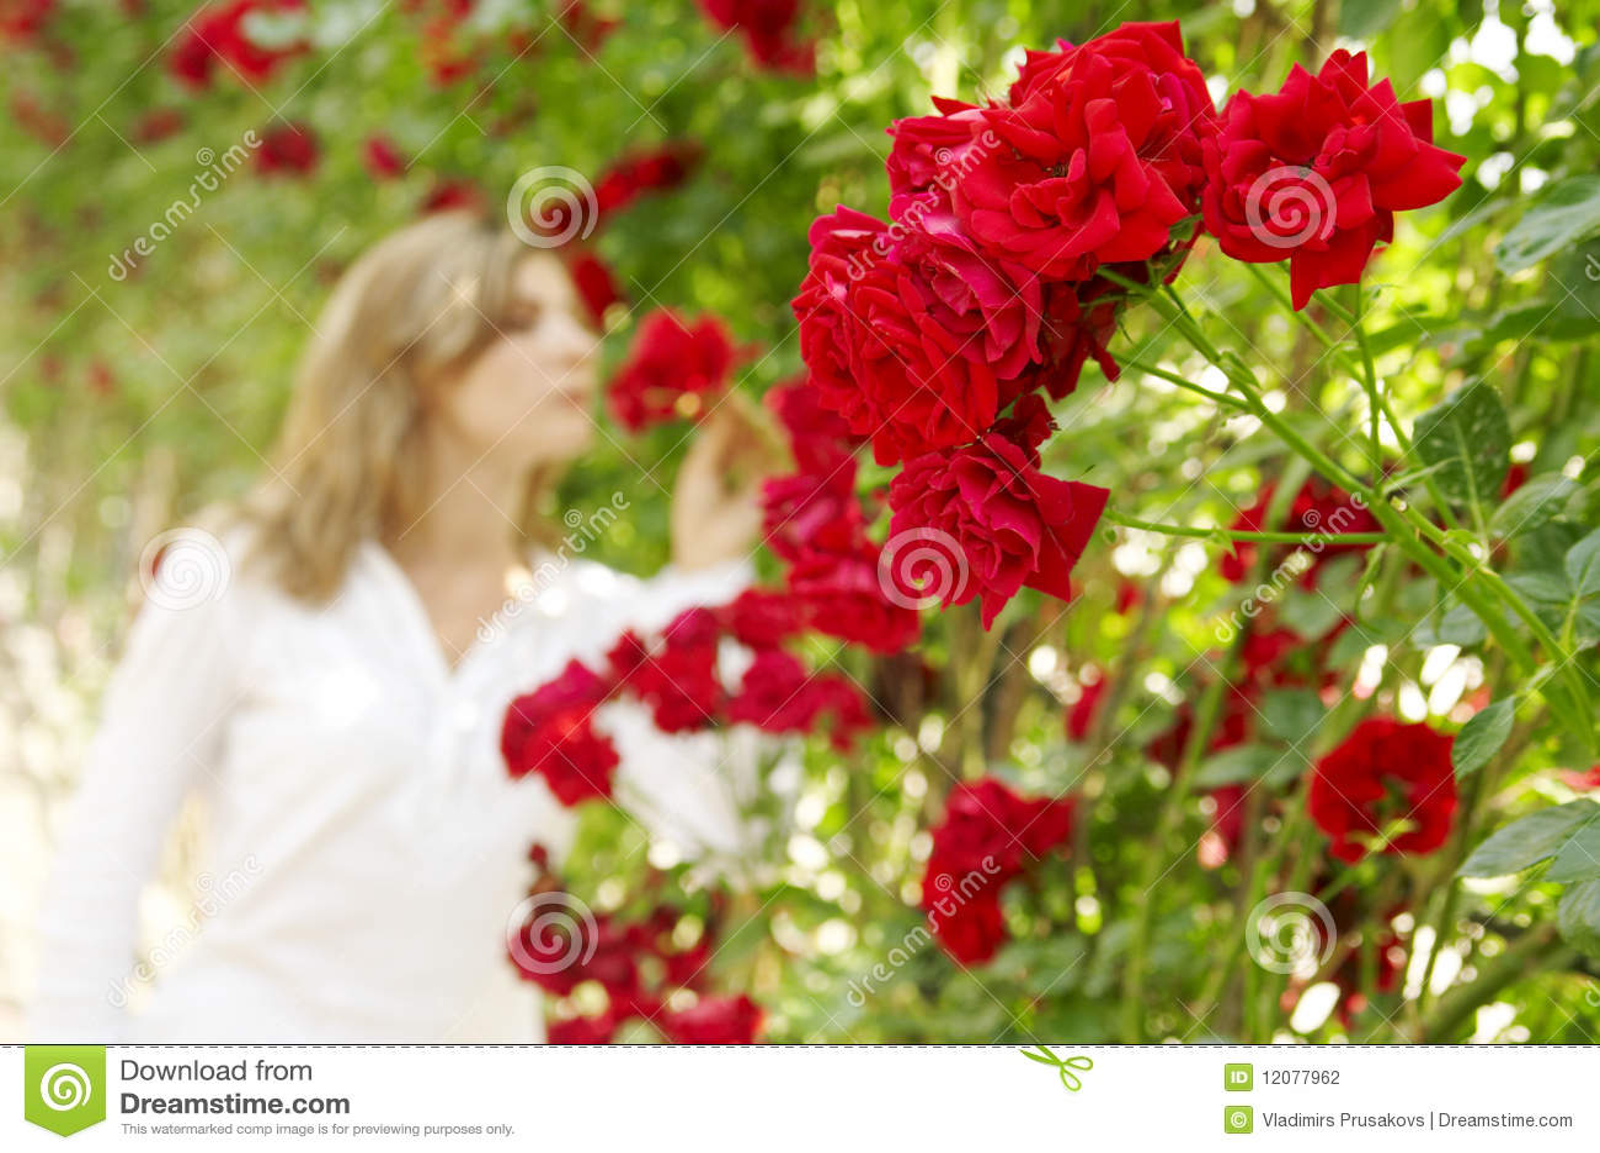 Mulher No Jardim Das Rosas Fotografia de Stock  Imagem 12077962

...

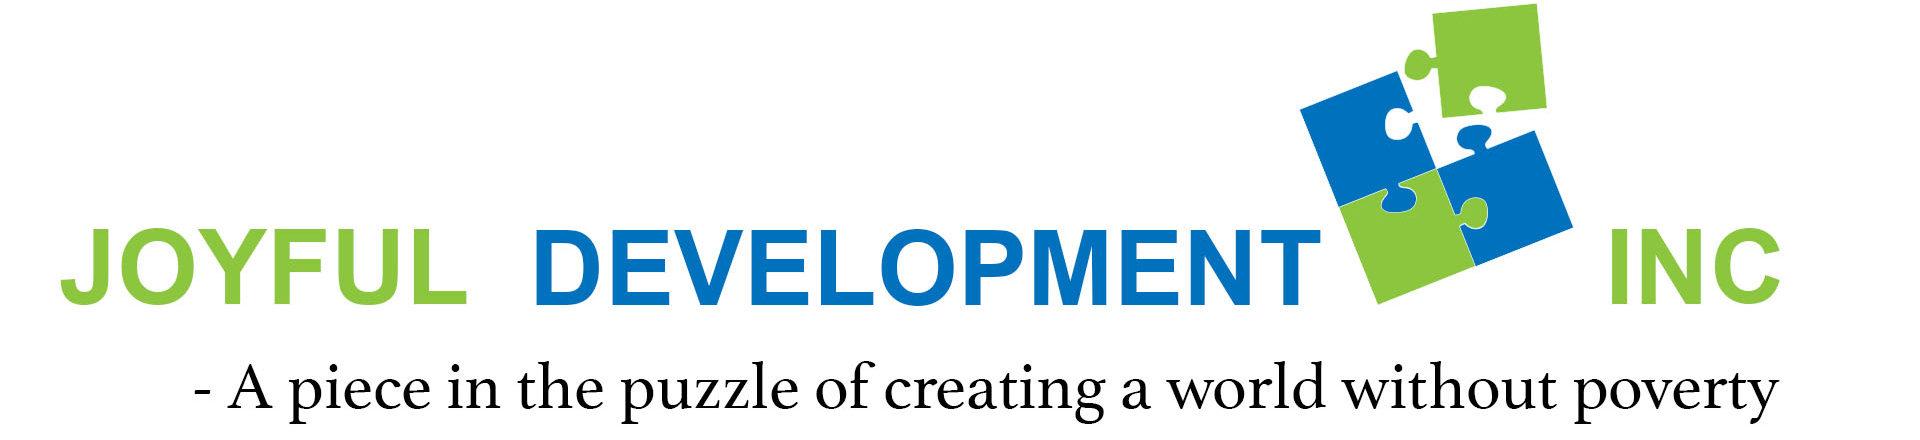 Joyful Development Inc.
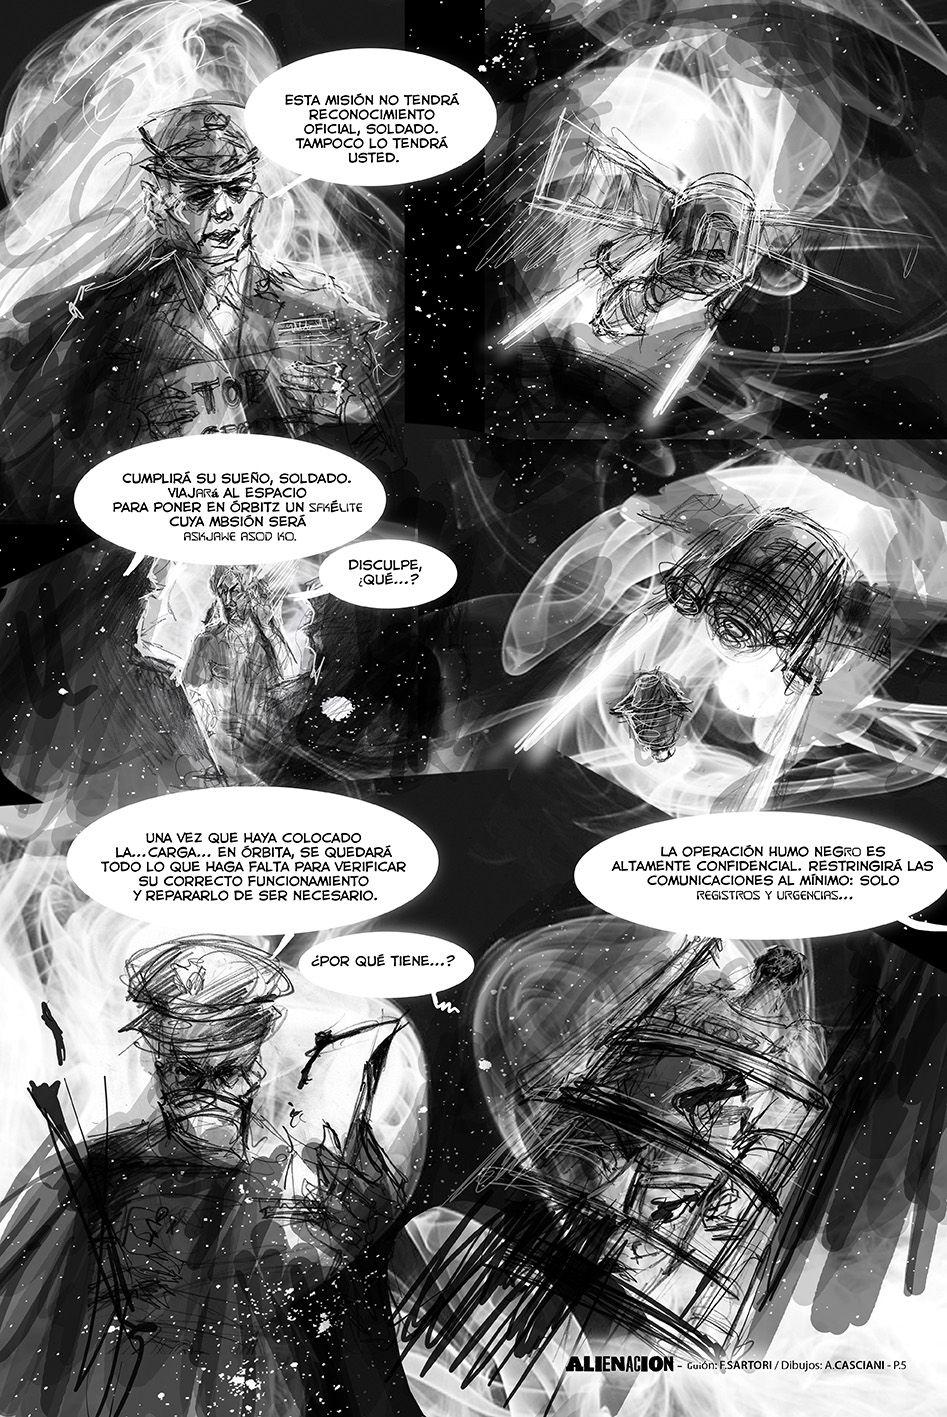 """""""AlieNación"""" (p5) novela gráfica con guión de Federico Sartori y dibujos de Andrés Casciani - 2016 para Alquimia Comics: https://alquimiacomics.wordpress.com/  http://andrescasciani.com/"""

* * *

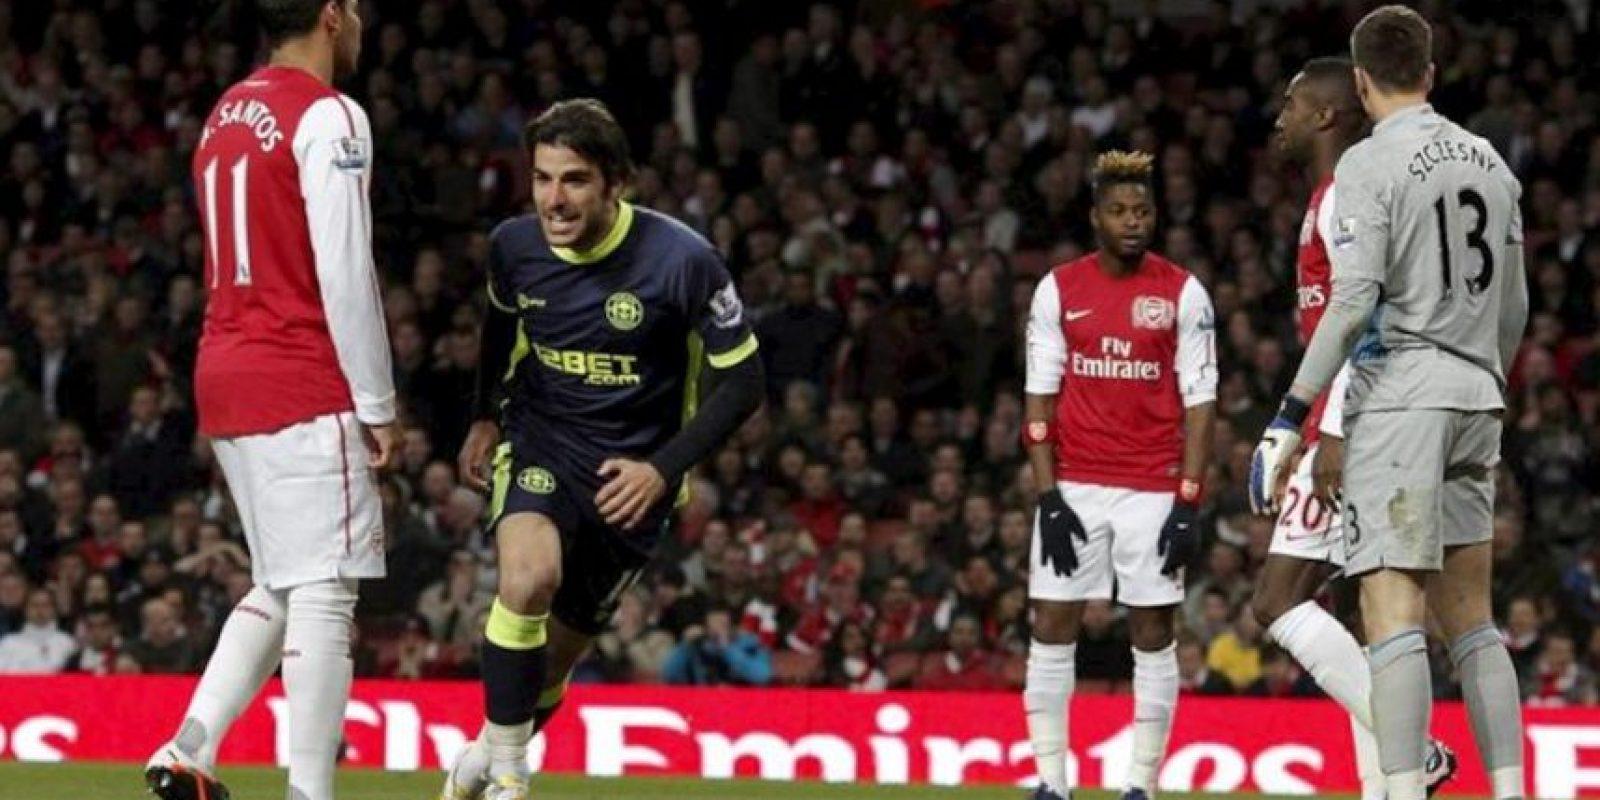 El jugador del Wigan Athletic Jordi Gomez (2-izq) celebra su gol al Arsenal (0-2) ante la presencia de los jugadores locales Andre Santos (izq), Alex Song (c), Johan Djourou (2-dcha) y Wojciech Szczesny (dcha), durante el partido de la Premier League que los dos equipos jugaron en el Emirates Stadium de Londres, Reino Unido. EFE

# EXERCISE
From the records above, return exactly the lines running from the one that contains "Joyful Development Inc." down to the one that contains "(p5) novela gráfica", both included, without any pictures.

# EXERCISE RESPONSE
 Joyful Development Inc.
 """""""AlieNación"""" (p5) novela gráfica con guión de Federico Sartori y dibujos de Andrés Casciani - 2016 para Alquimia Comics: https://alquimiacomics.wordpress.com/  http://andrescasciani.com/"""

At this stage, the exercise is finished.